▸ **About this task**:
Copy the lines below, word for word, from the first through the line containing "plate with food and glass on orange table". Leave the pictures out.

▸ **Data shown**:
________________________________________
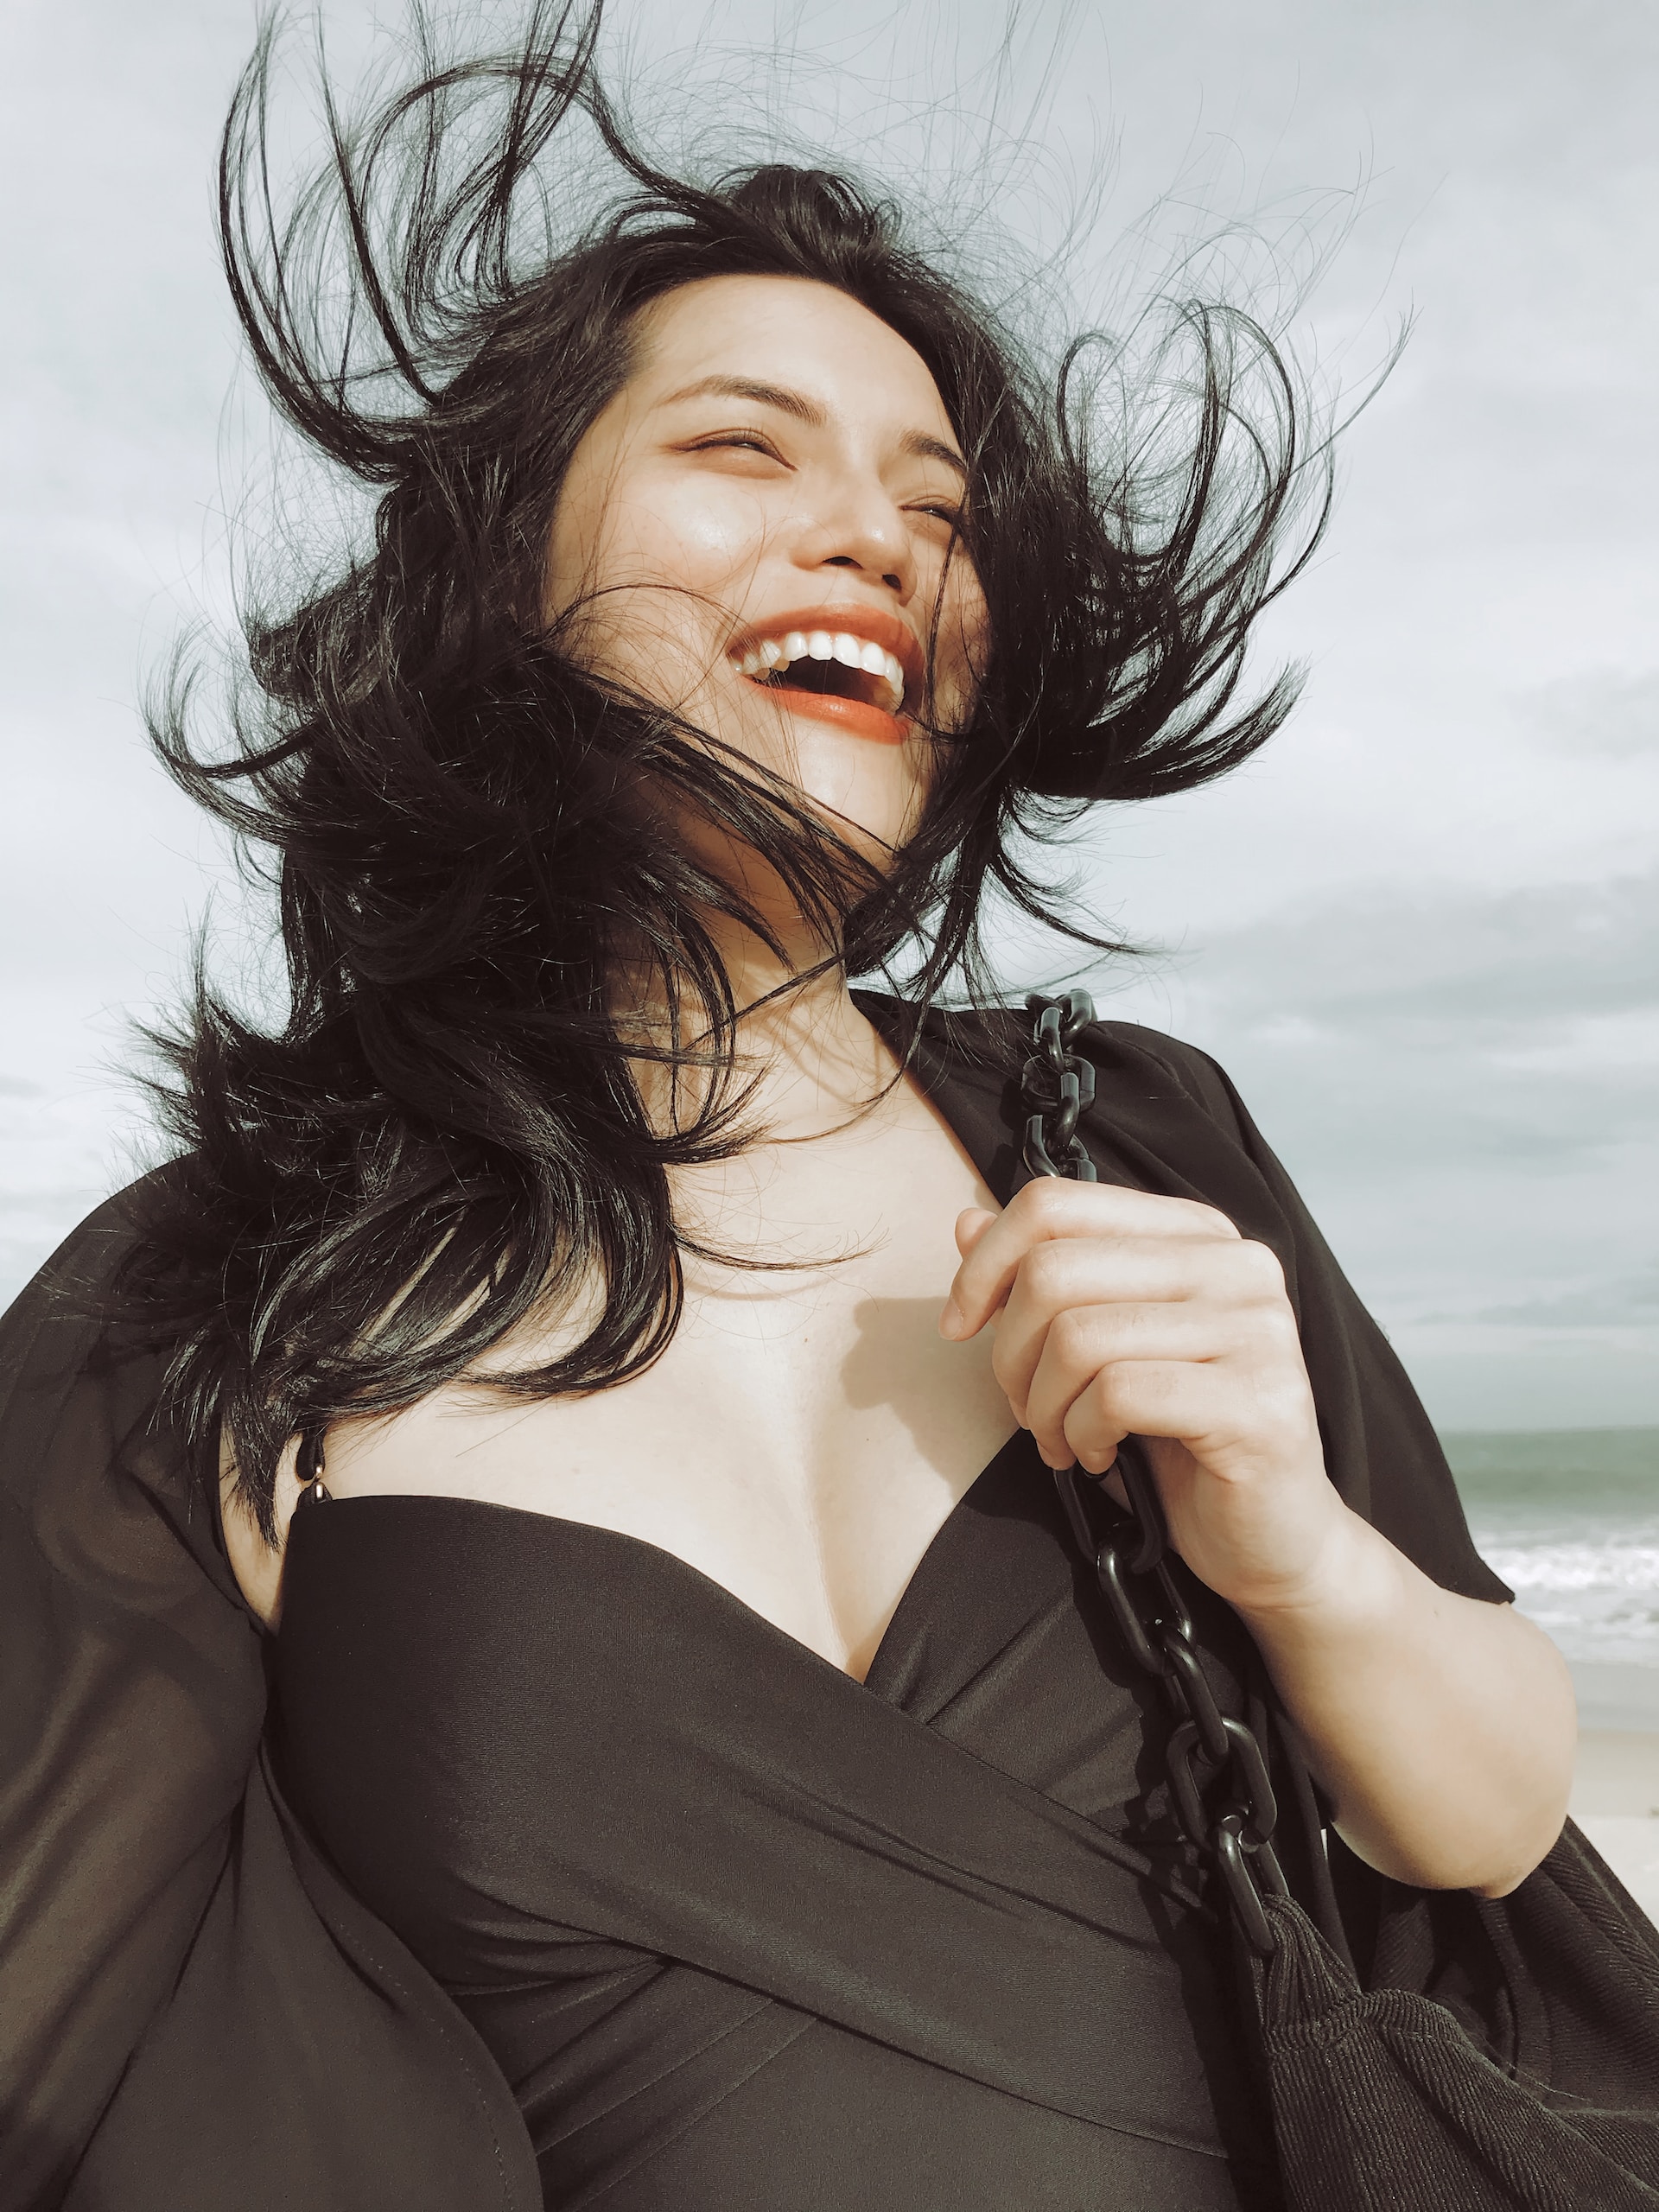 woman in black outfit smiling and laughing as wind blows through her hair
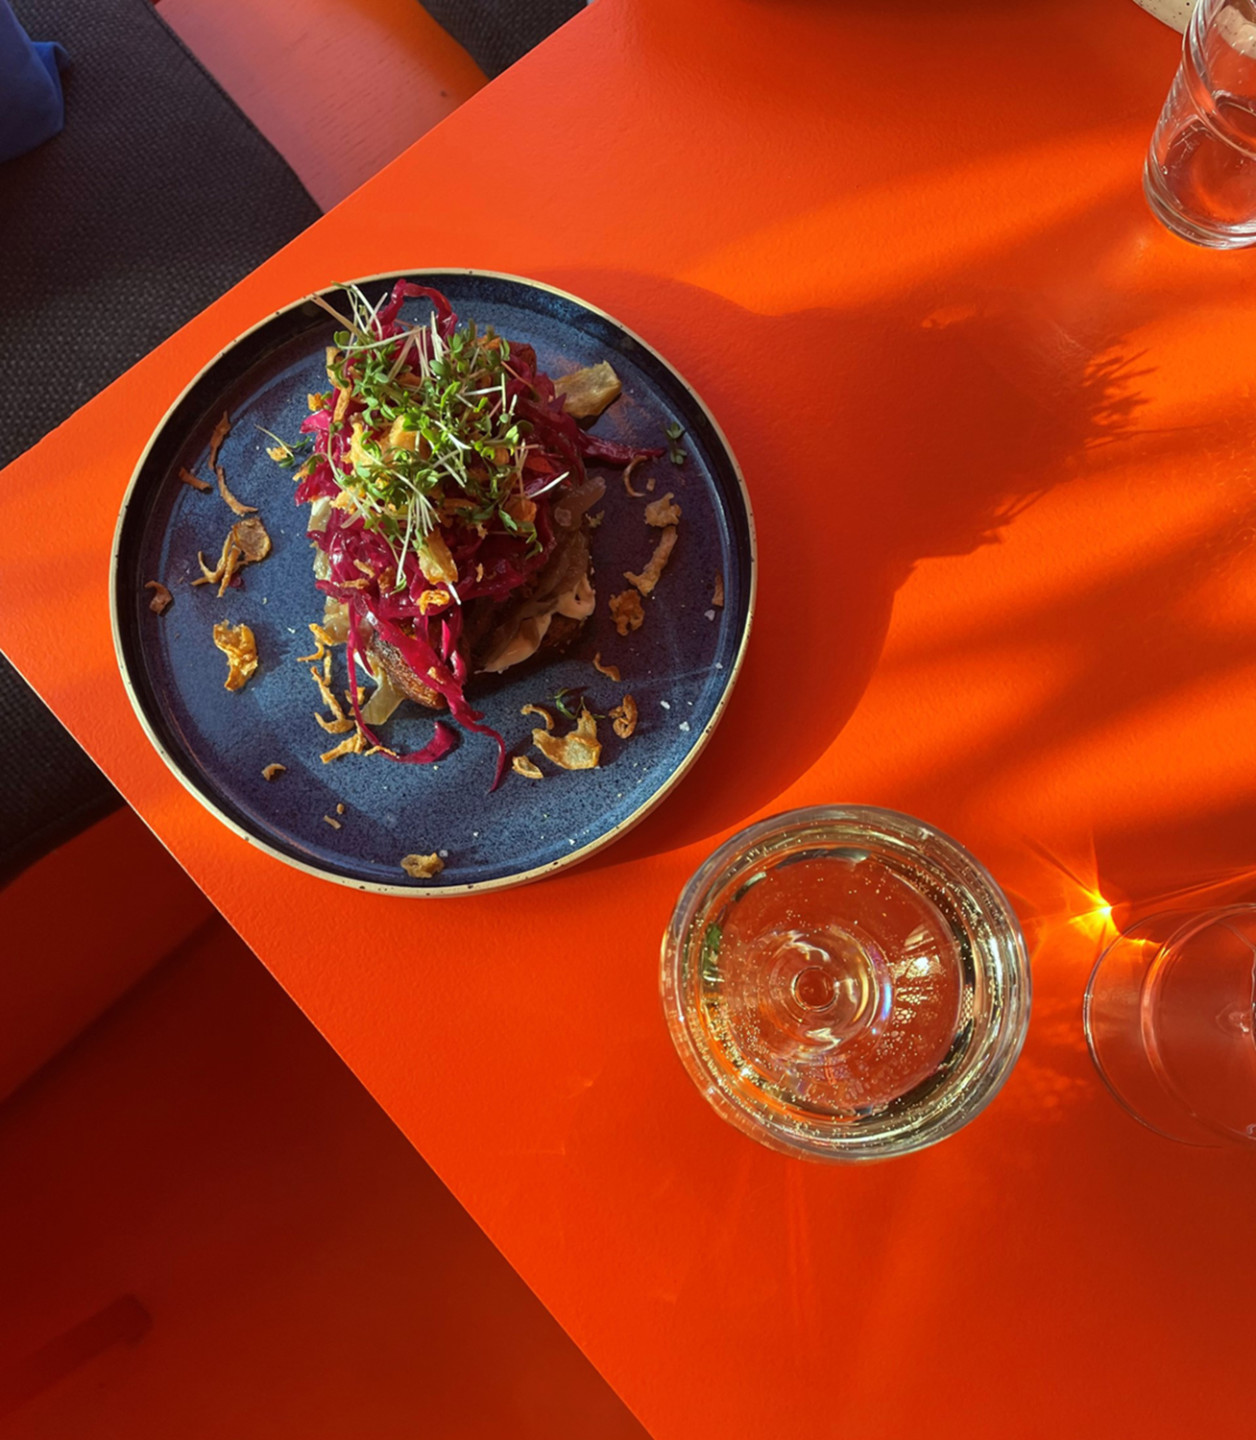 plate with food and glass on orange table
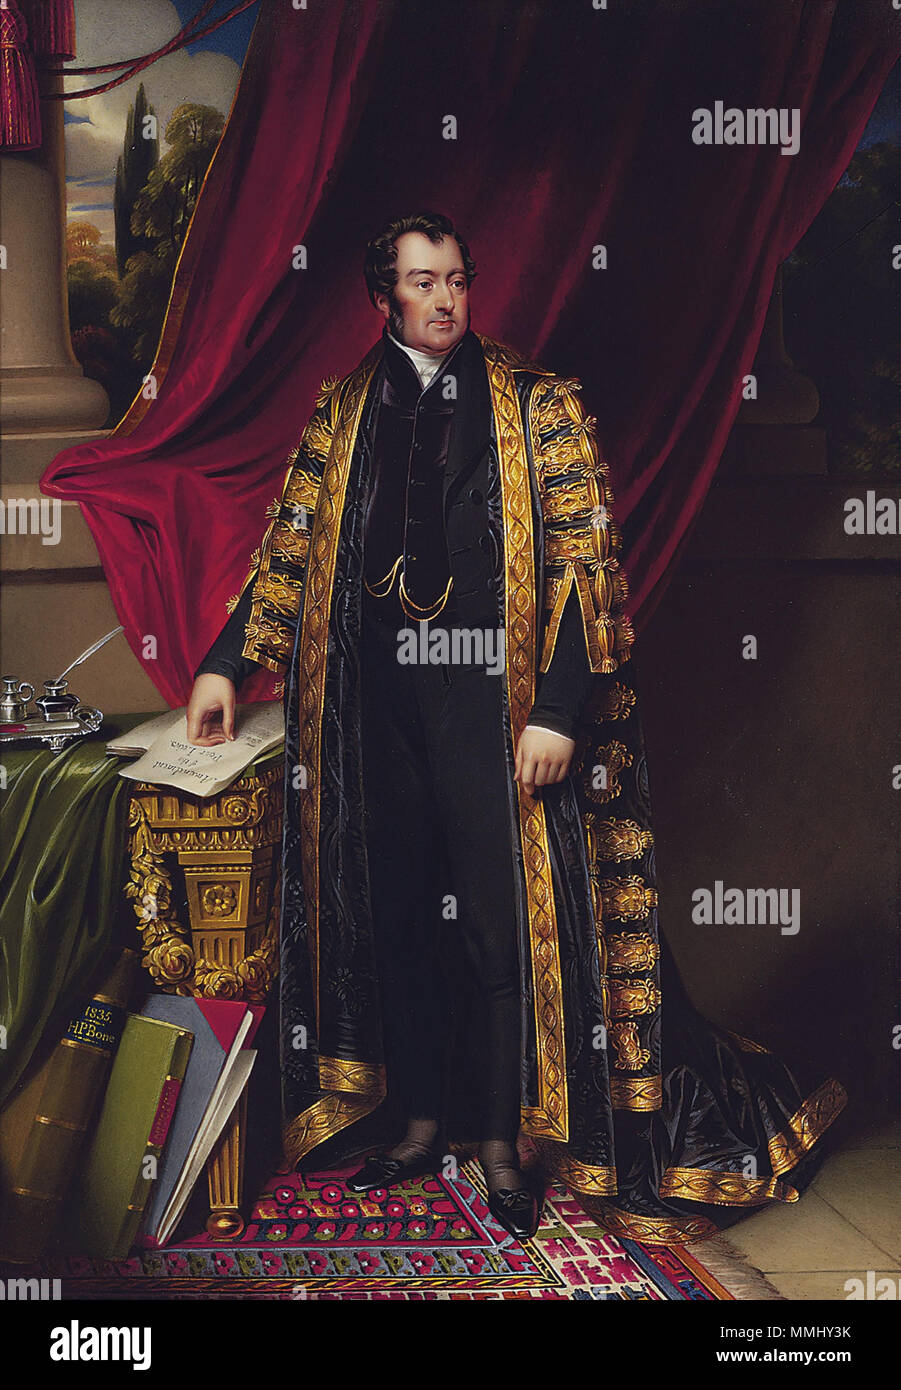 .  English: John Charles Spencer, Viscount Althorp, 3rd Earl Spencer (1782-1845), as Chancellor of the Exchequer, full length in Chancellor's robes over black mourning suit, standing beside a George II giltwood console table from Spencer House draped with green cloth, his right hand resting on a document entitled 'Amendment of the Poor Laws', large leather-bound books and folio propped against table leg, inkwell, salt cellar and quill on silver stand on table, red curtain, pillar and curtain interior; landscape background signed and dated on the spine of the largest leather-bound book '1835. H Stock Photo
________________________________________
▸ **Your solution**:
 woman in black outfit smiling and laughing as wind blows through her hair
 plate with food and glass on orange table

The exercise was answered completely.